Davon abgesehen begibt sich die Serie durch ihre Öffnung auch historisch zunehmend in die Gefahr, Fakten zu dramatisieren, nach eigenem Belieben auszulegen oder gleich neu zu schreiben, was aber bei einer derart weit zurückliegenden Zeit, deren Überlieferung hauptsächlich auf Oralität basiert, reuelos zur kreativen Freiheit gezählt werden kann. Atmosphärisch haben die Halbwahrheiten keinerlei Einfluss auf die Serie, die nach wie vor mit prachtvollen Berg- und Wiesenlandschaften in kühlen Farben glänzt und Kriegsaktivitäten stilgetreu im fast schon intimen Rahmen ablaufen lässt.

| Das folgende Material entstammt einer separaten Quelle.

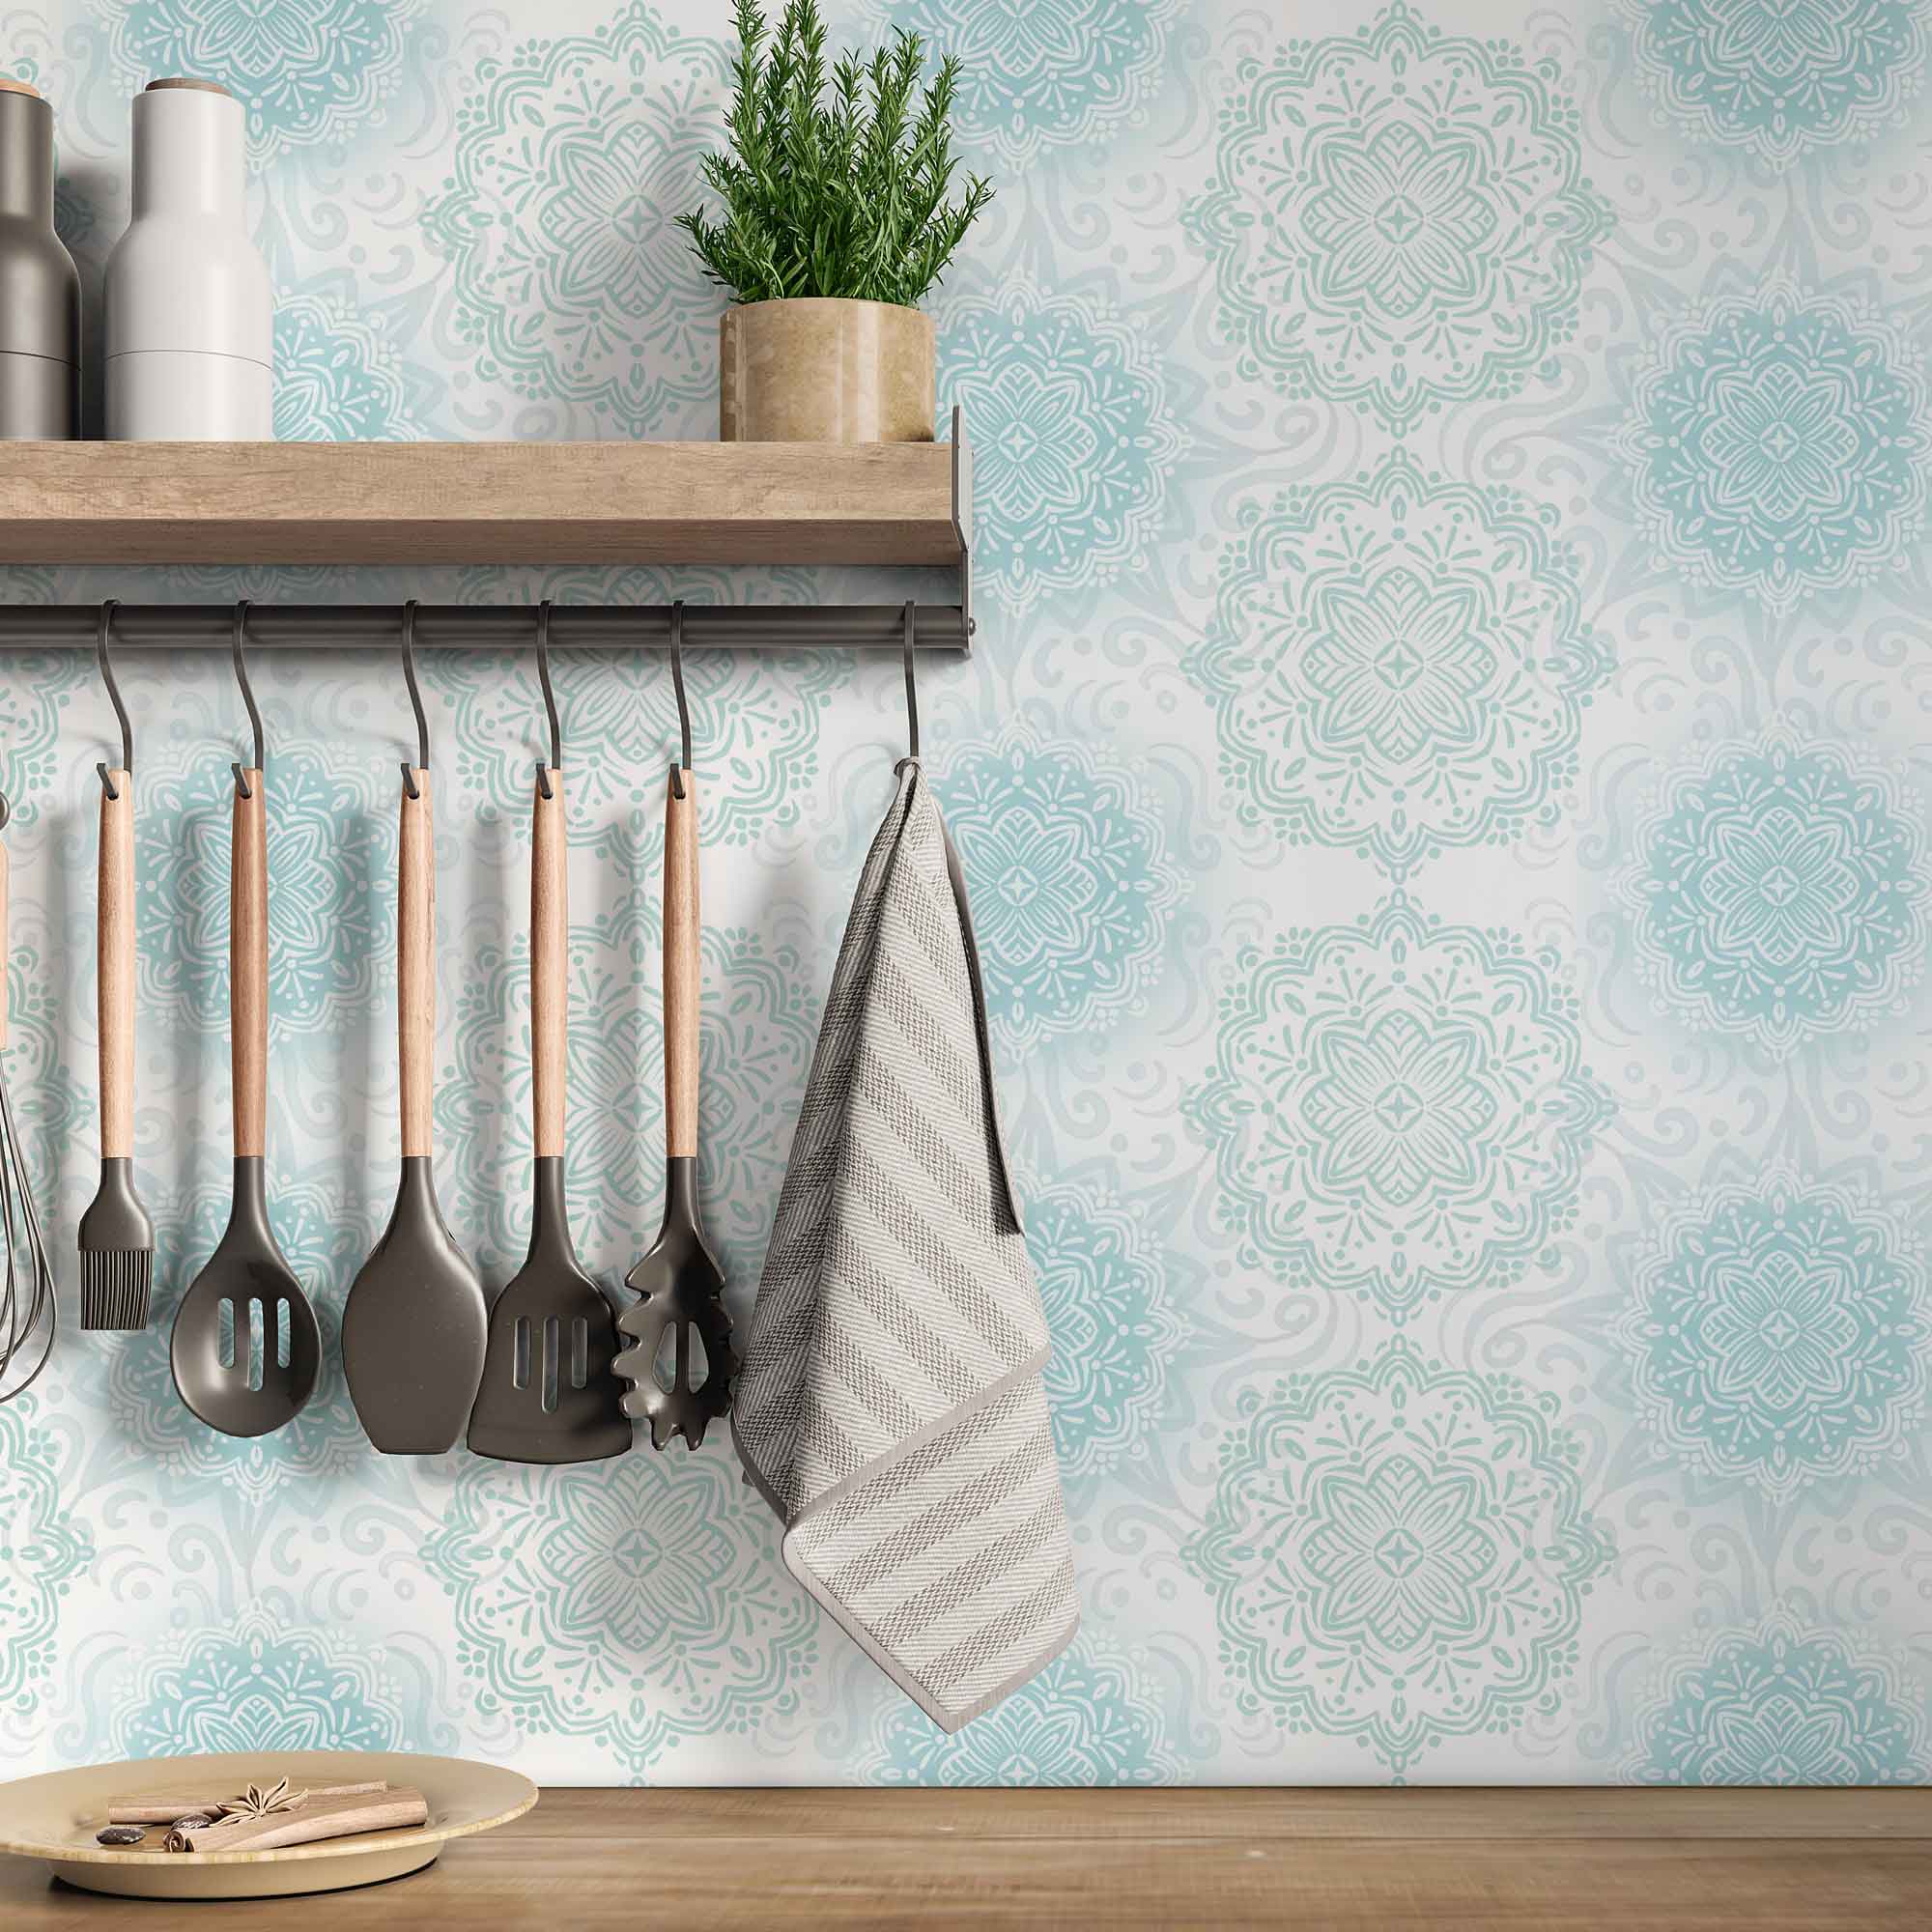 Boho Hand-drawn Mandalas in pastel Blue and Aqua Removable Peel & Stick and Pre-Pasted Wallpaper Kitchen example

Viele Handlungstwists bezüglich der Feinde Ragnars lassen sich durchaus absehen, andererseits entwickeln sich manche Charaktere dann doch ungemäß der Erwartungen, die man an sie stellt. Beispielhaft sei die Beziehung zwischen der nach wie vor herausragenden Katheryn Winnick als Ragnars ehemalige Frau und Ragnars neuer Frau, gespielt von Alyssa Sutherland, herausgehoben. Auch der seit jeher zwielichtig anmutende Floki (Gustaf Skarsgård) wird vom Drehbuch auf manch harte Bewährungsprobe gestellt. Ein einzelner Antagonist wie Gabriel Byrne in Staffel 1, der sich den Plänen der Hauptfigur behindernd in den Weg stellt, gibt es nicht; vielmehr teilen sich Linus Roache, Donal Logue und Thorbjørn Harr die Herausforderungen, um den König auf der weißen Seite auf ihre Weise in Schach zu halten, was dessen Strategiefindungen um so herausfordernder macht.

„Vikings“ ist also auf der Höhe seines Potenzials angekommen und darf jetzt zu den großen historischen Unterhaltungsserien dieser Zeit gezählt werden, ohne dazu ganz so überladen und ambitioniert sein zu müssen wie das Epos von „Game Of Thrones“.